1. Blood, Fire and Scene Work
Sometimes a mediocre story still shines because the author has style. Here's how to write like Lee: make every color comparison to red about blood, like so:
Yes, we got it. Bloody gems. People have blood-colored hair, and fire-colored blood and blood and fire, you get it? There is so much goth that you can invoke through the sheer repetition of the words blood and fire.
Imagine reading a whole book of:
I am a member of enough Discord servers to see what inspired the terrible LoTR fanfiction style that I keep reading.

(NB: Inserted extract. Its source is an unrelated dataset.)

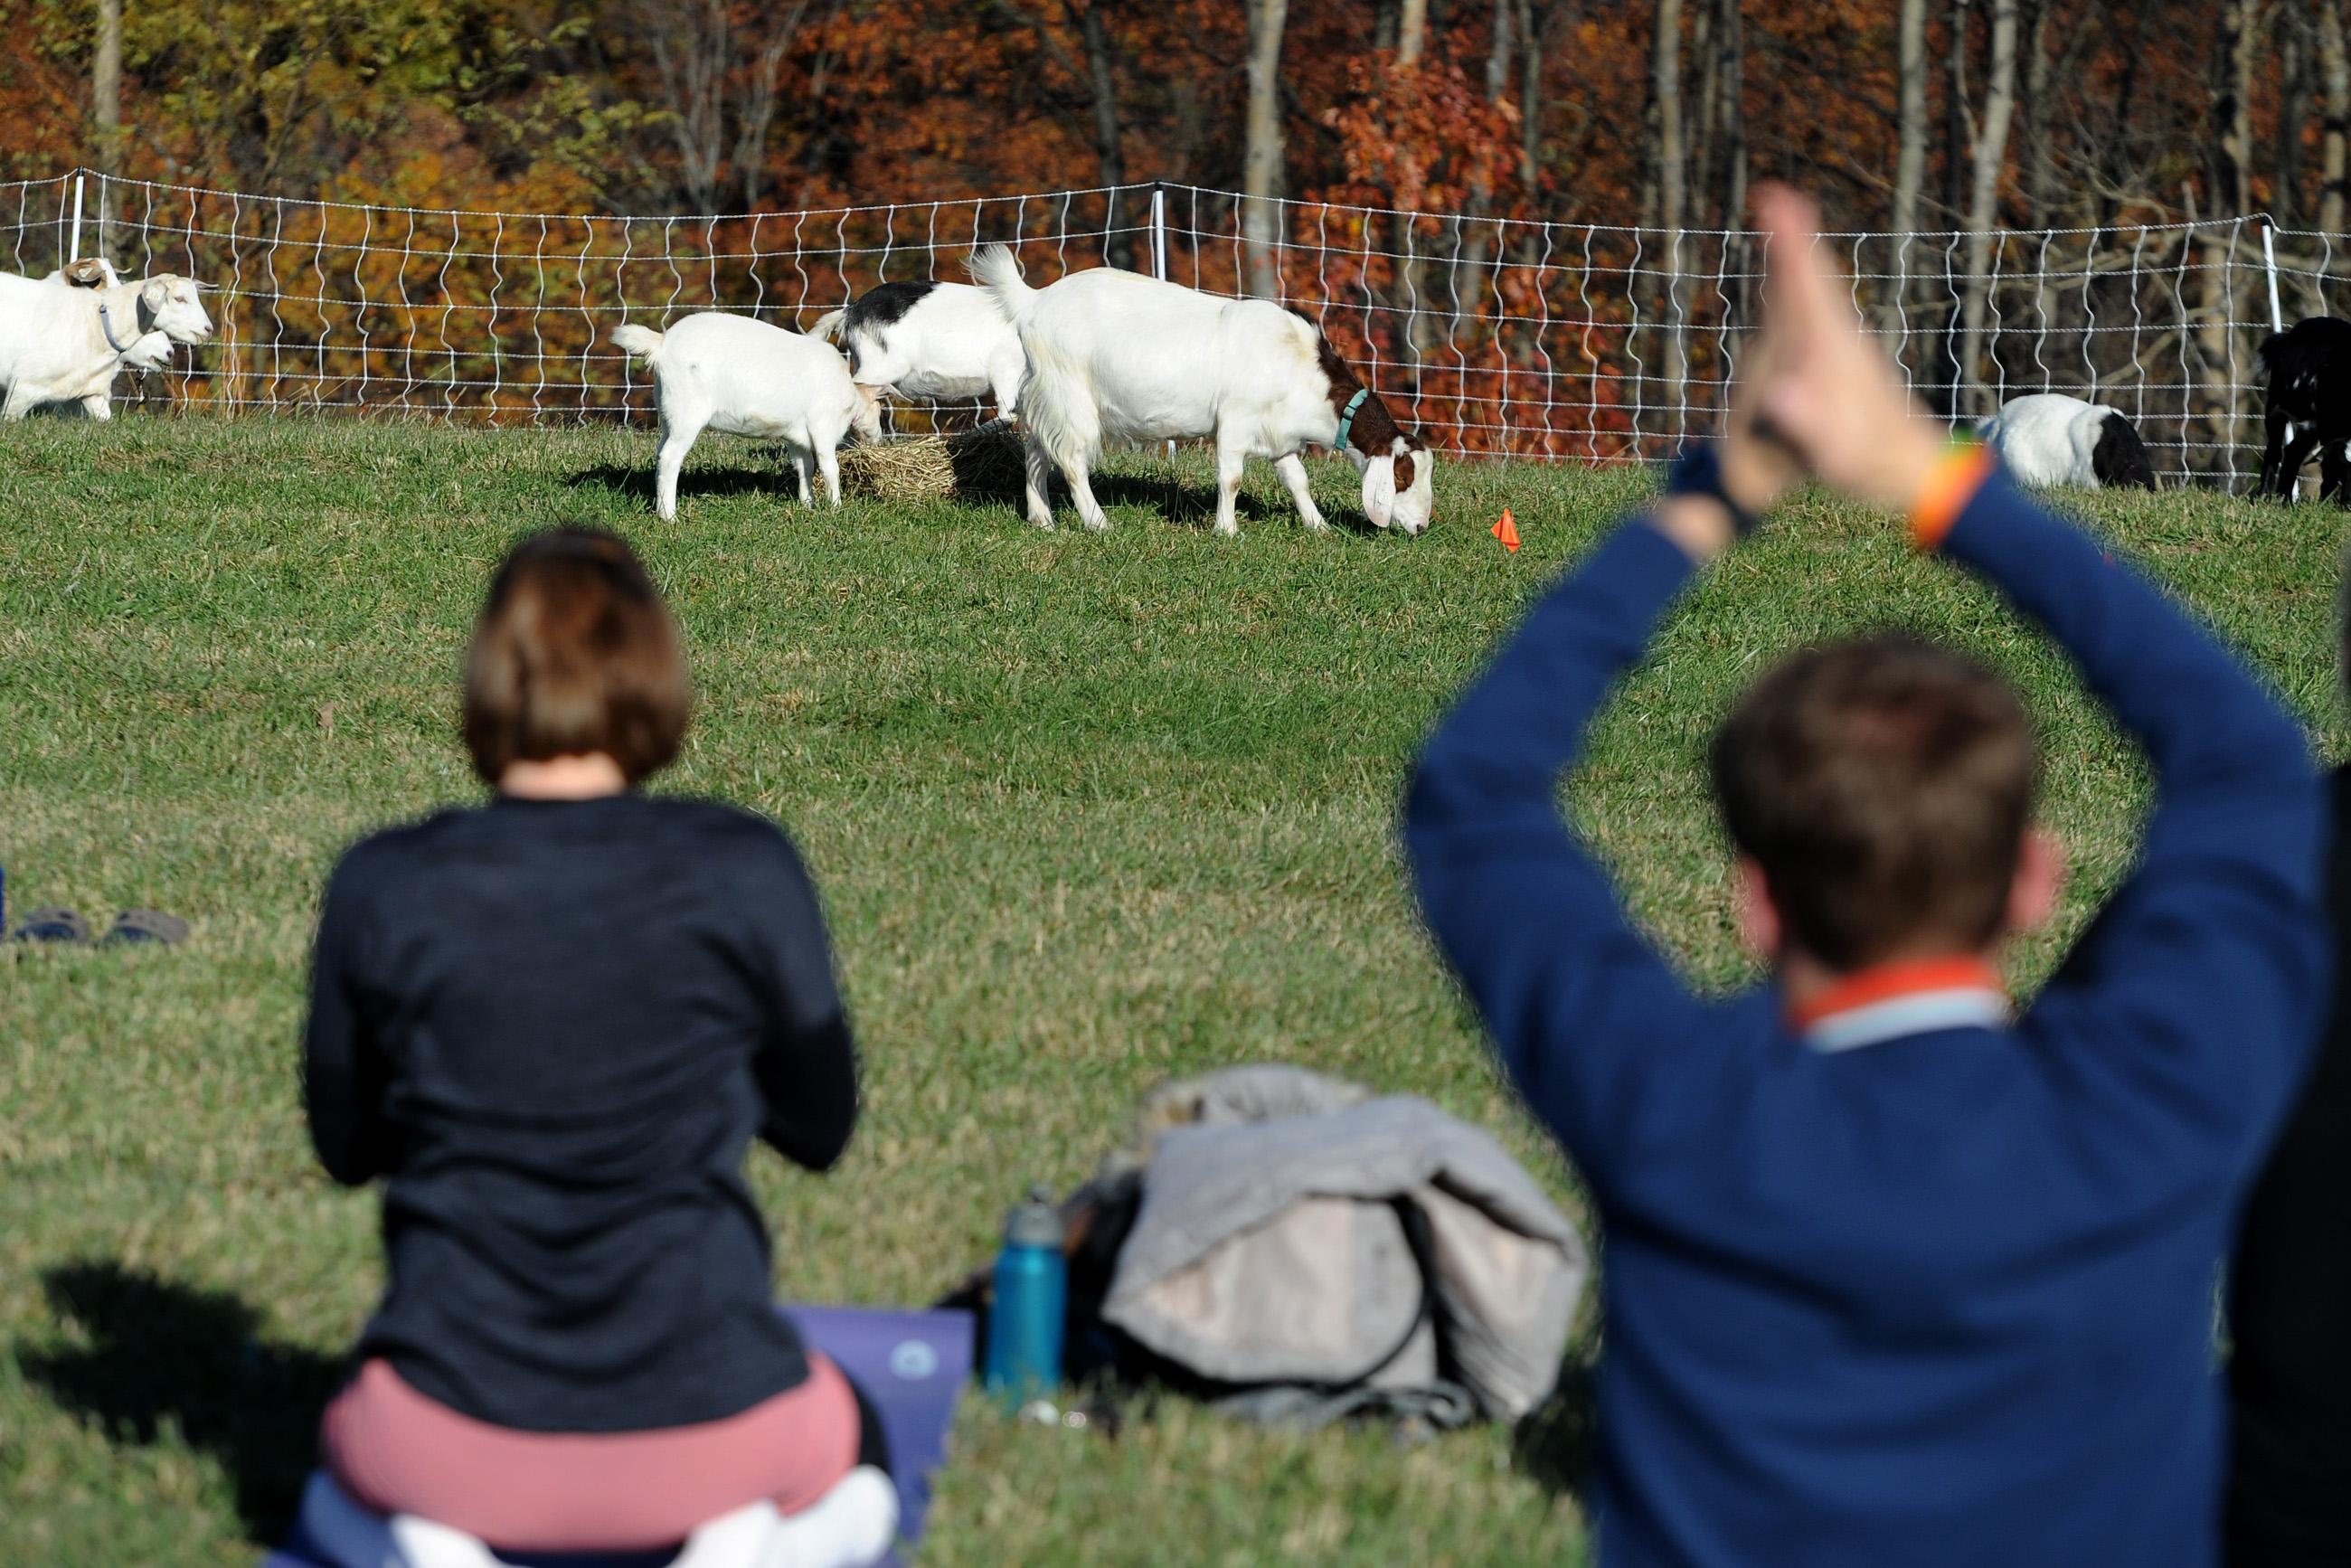 20161112ppNamasHayYoga4MAG-3 Pam Panchak/Post-Gazette 11122016 PHOTOSLUG: NasmasHayYoga SECTION: Mag CAPTION: A yoga session at the NamasHay Goat Yoga fundraiser for the Western Pa. Humane Society at Have U Heard goat farm in Collier Twp. Thursday, November 12, 2016.

It is this: a tangle of daggers dripping the diamond rain upon my eyes. Lee's choice of words also throws me off sometimes. LAVAL fires? Hetaerae? "perfumed with lip paint"? Describing everything and anything as "sorcerous"?

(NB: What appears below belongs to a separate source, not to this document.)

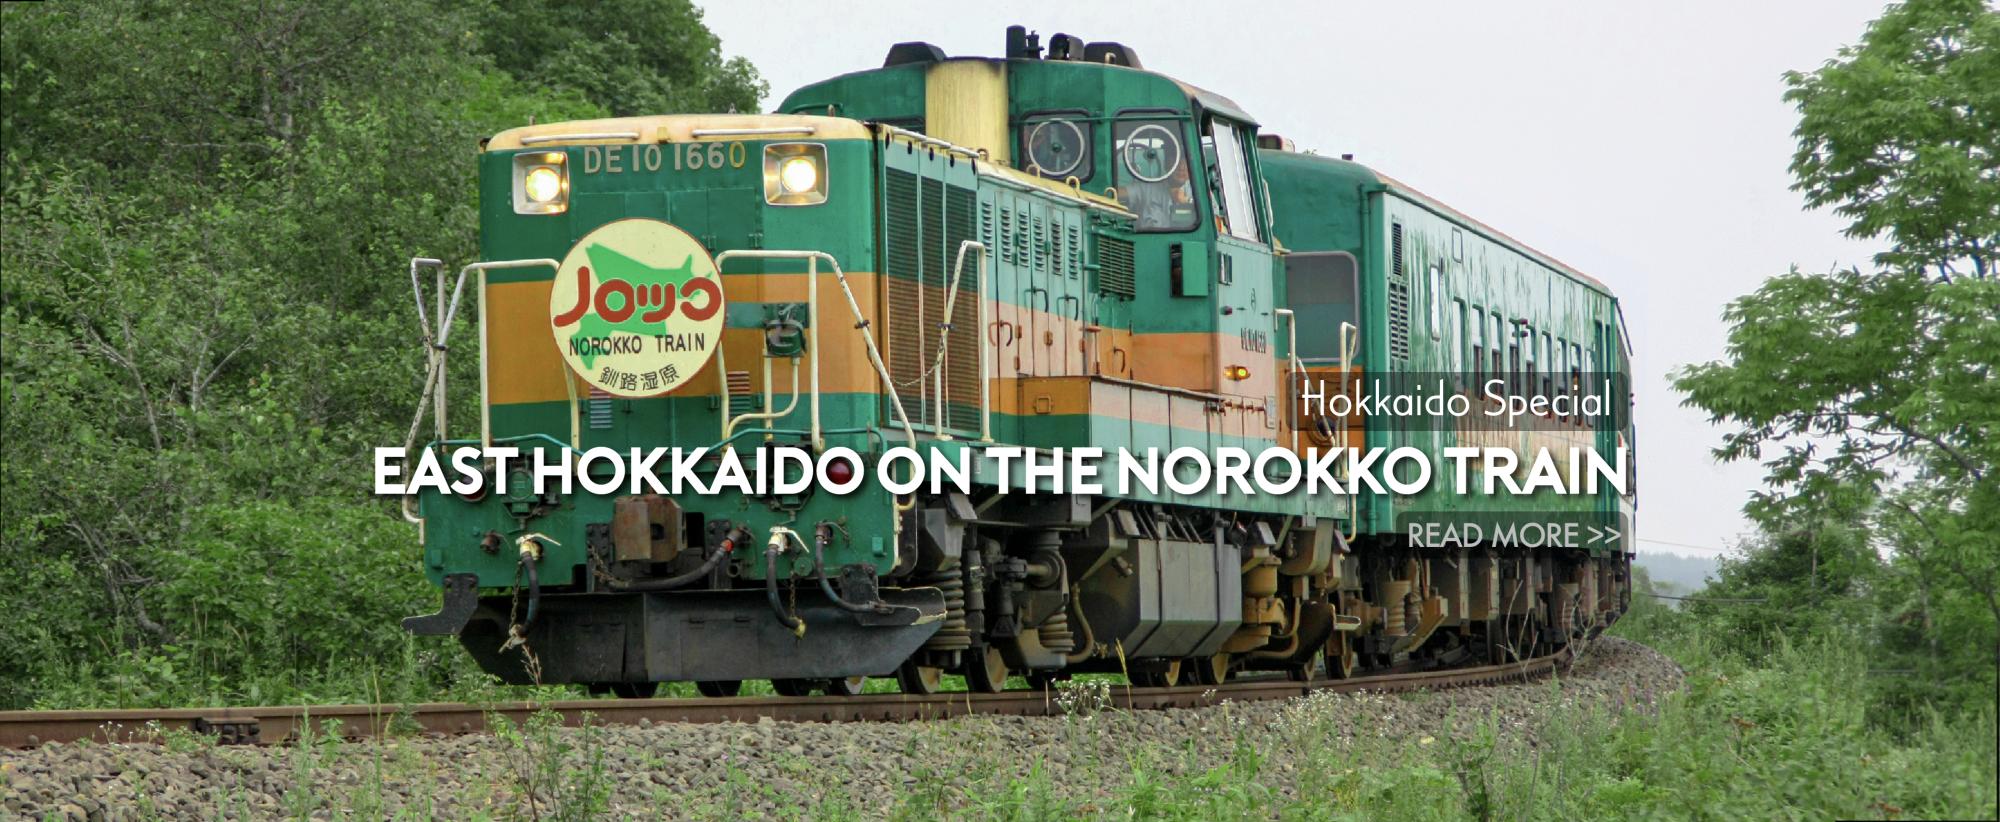 Hokkaido: Norokko

2. Most Useless Form of Satanic Worship
I feel like if you went all the way to summon Satan himself from the depths of hell, you'd want to make it about something. I don't think Satan has time to sit around and listen to you be sad. Also the whole idea of women being sacrificed in the nude for Satan, just so that Satan can say, "nah" sounds extremely pointless. This would have been a sort of Good Omens-esque comedy, but I guess comedy ruins goth?
3. Dialog
There's one thing about trying to get a specific tone about your characters. But Lee's dialog is a pain to read. Here's one example from Thorns (Sleeping Beauty):
GET TO THE BLESSED POINT. The author has a general problem with pacing anyway, since plot elements are held back only to be revealed in the most anti-climactic moment ever.
4. Telling the important and Showing the obvious
The number of times a character has been scared "just because" is disappointing given the tacky atmospheric style of writing. "Here's a character, he's scared of his daughter because she's weird," does not give me any reason to believe why someone would be scared and what even makes her weird. After doing some research on Tanith Lee, it appears she was a feminist stronghold at the time. This makes sense because the weirdest things these goth women protagonist princesses keep doing is hiding their astonishing (white) beauty and reading stuff. There's something to unpack here about history but my brain has been exfoliated smooth so I do not care.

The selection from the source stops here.